> What to produce: From the material below, please set down exactly the lines starting with the one with "Red suit - Harrogate" and going on through the one with "a map of the", without a single picture.

(Beginning of Exercise data)

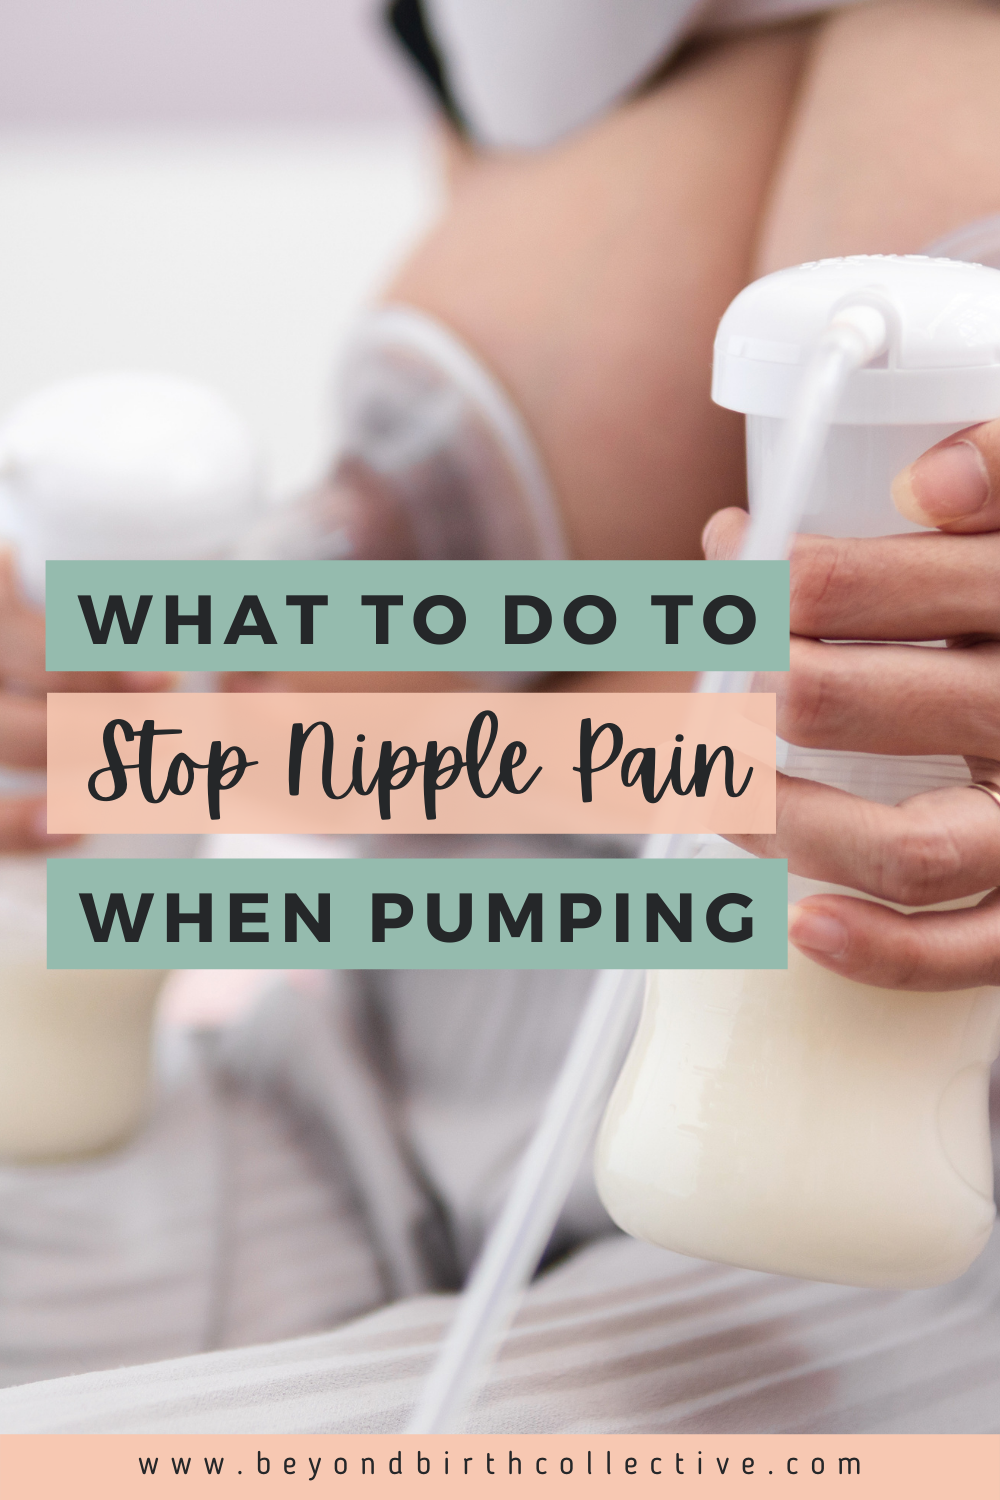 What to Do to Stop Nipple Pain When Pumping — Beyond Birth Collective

(End of Exercise data)
(Beginning of Exercise data)

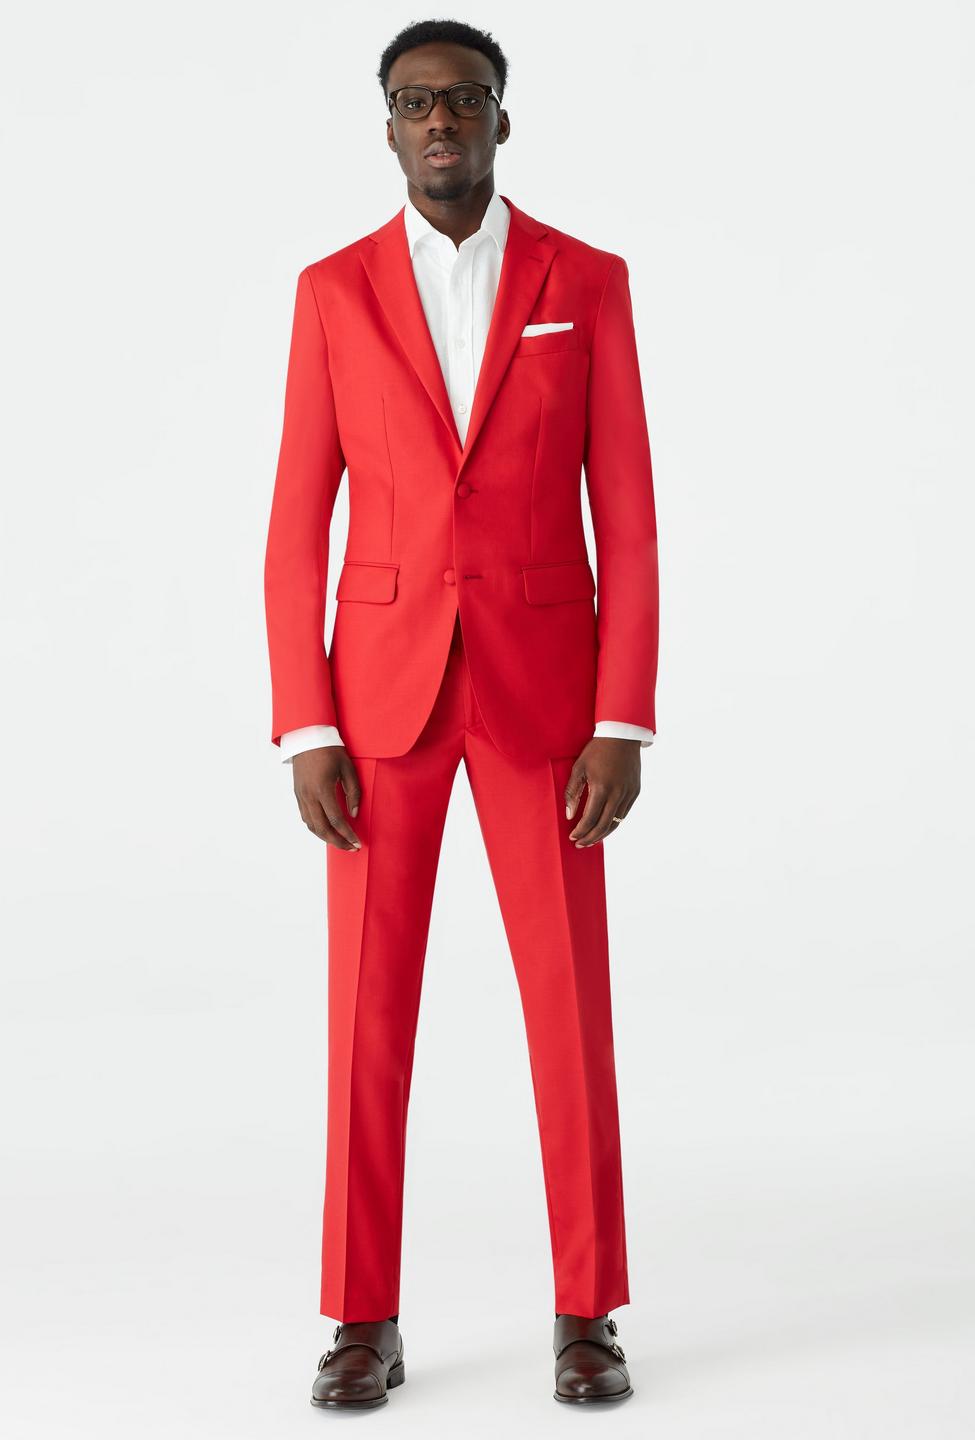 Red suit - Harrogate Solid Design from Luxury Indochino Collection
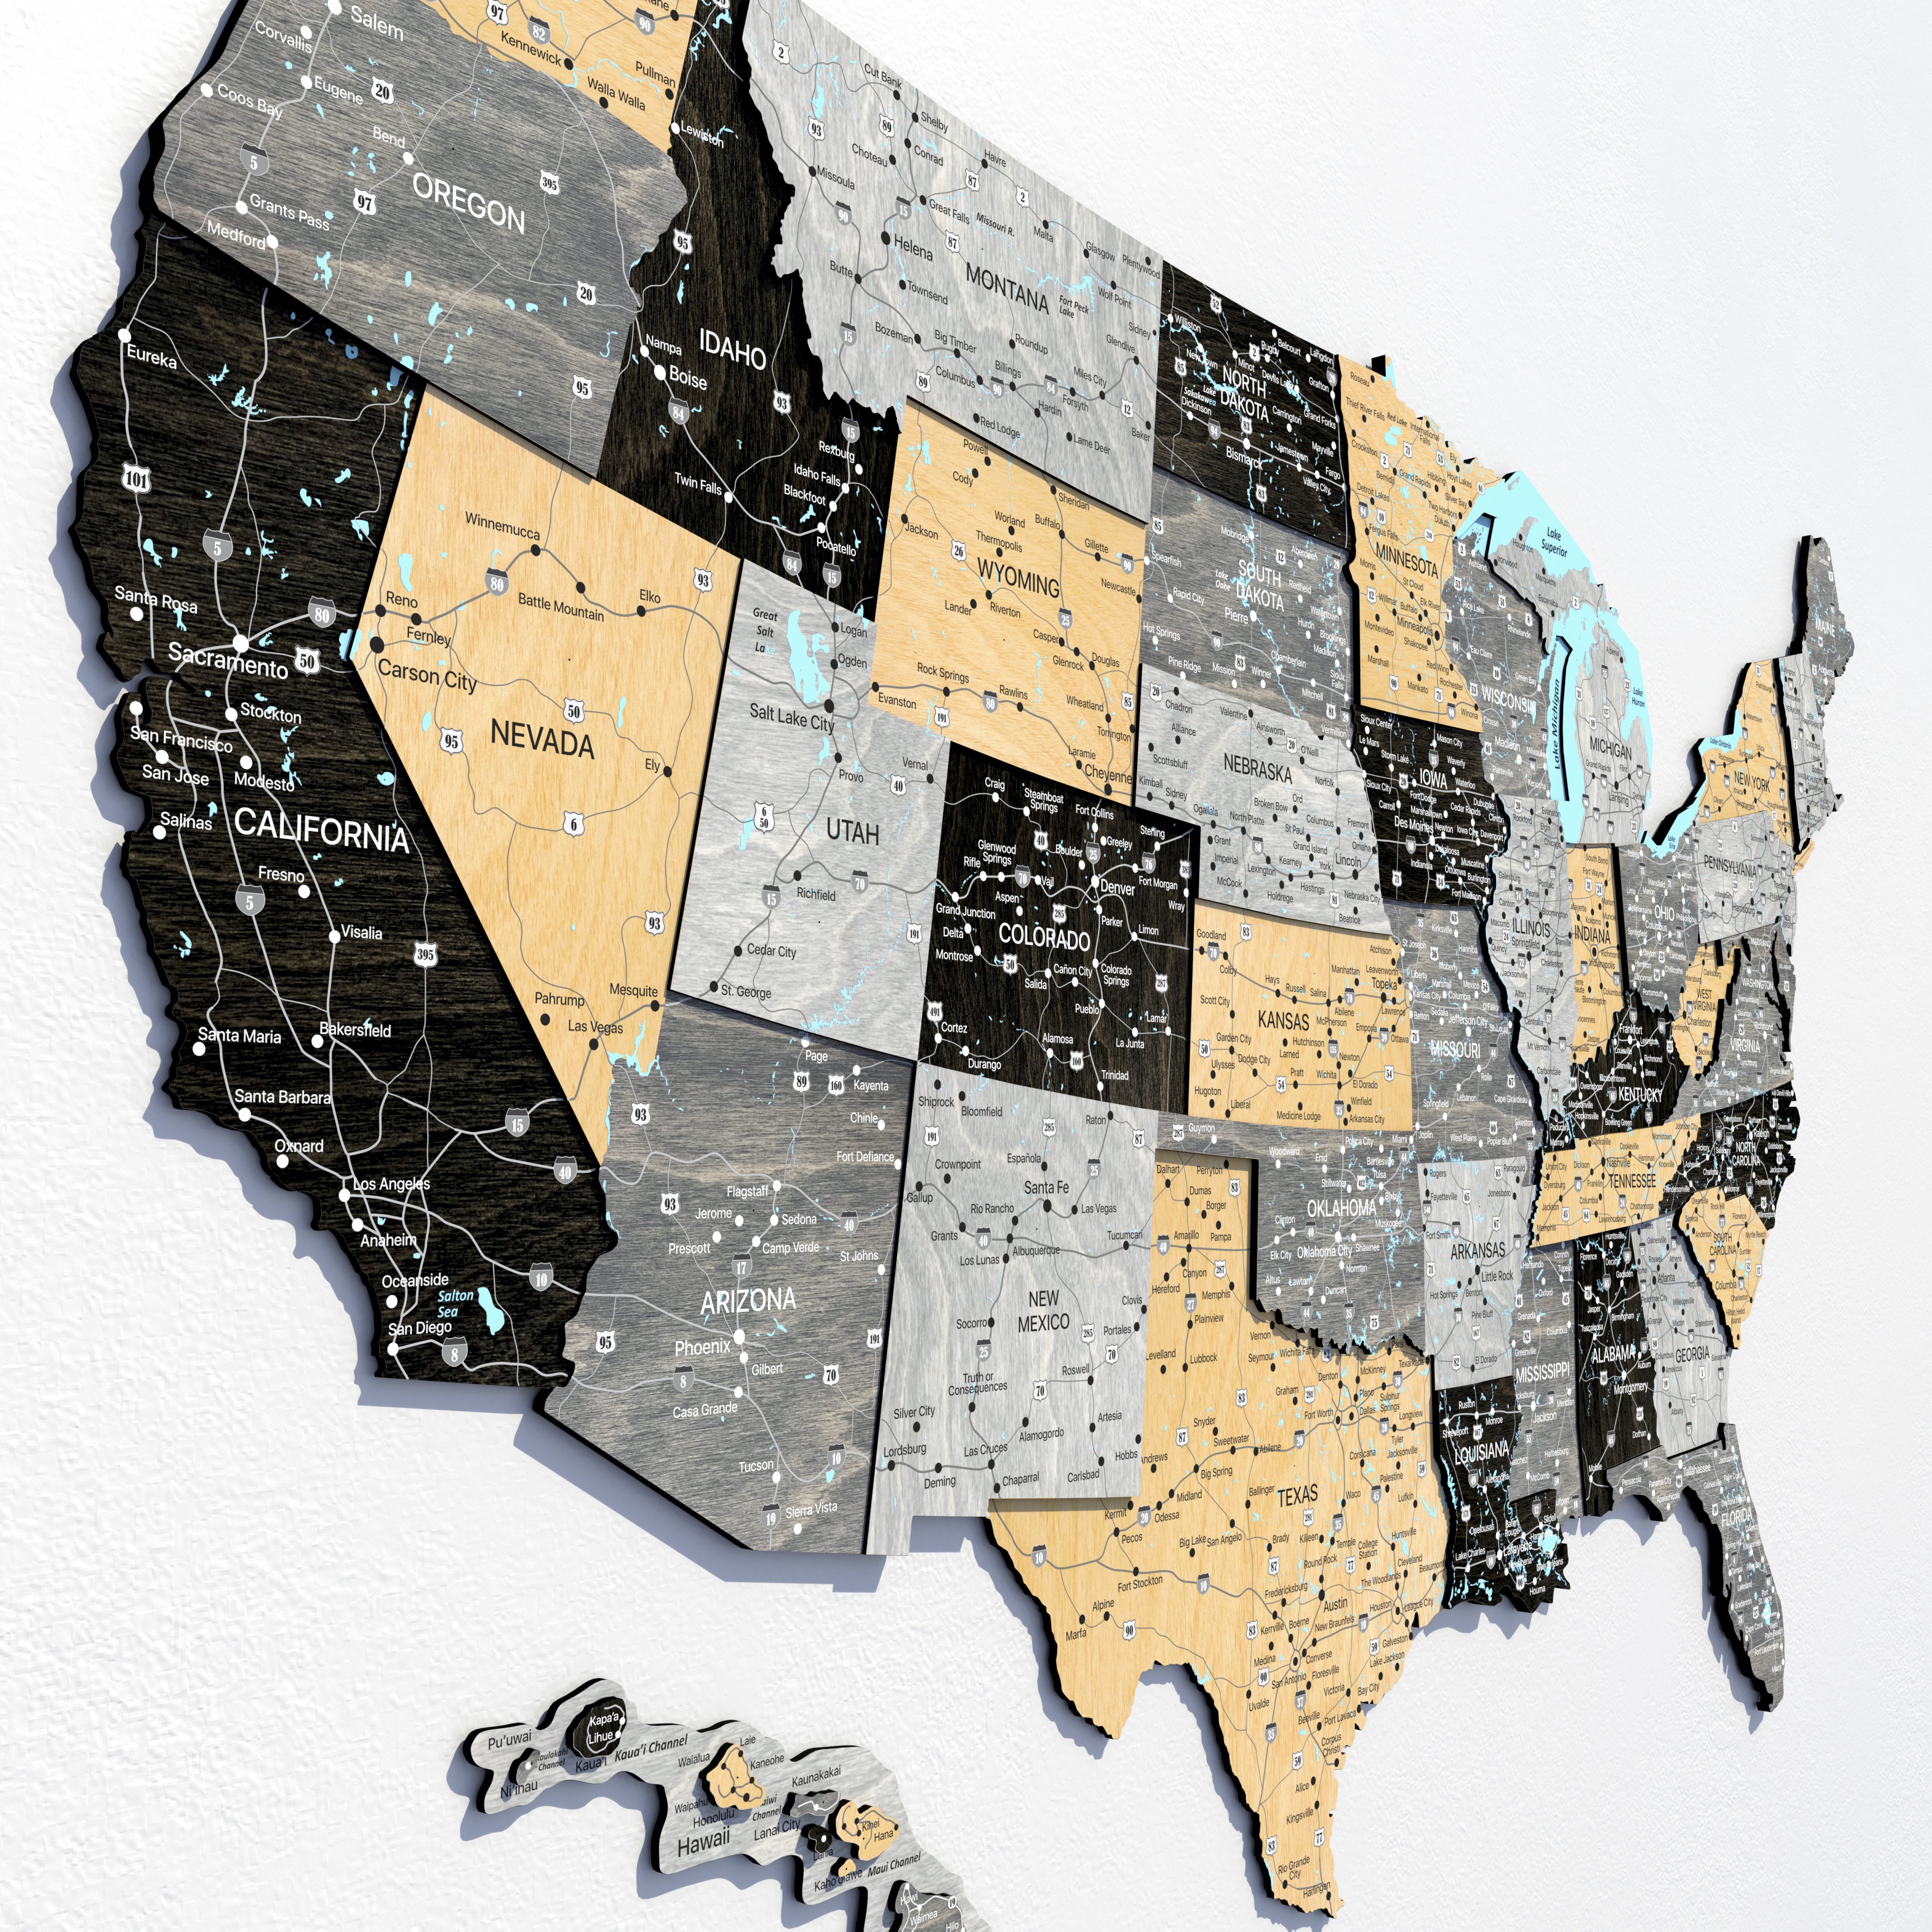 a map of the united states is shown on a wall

(End of Exercise data)

> Answer space:
 Red suit - Harrogate Solid Design from Luxury Indochino Collection
 a map of the united states is shown on a wall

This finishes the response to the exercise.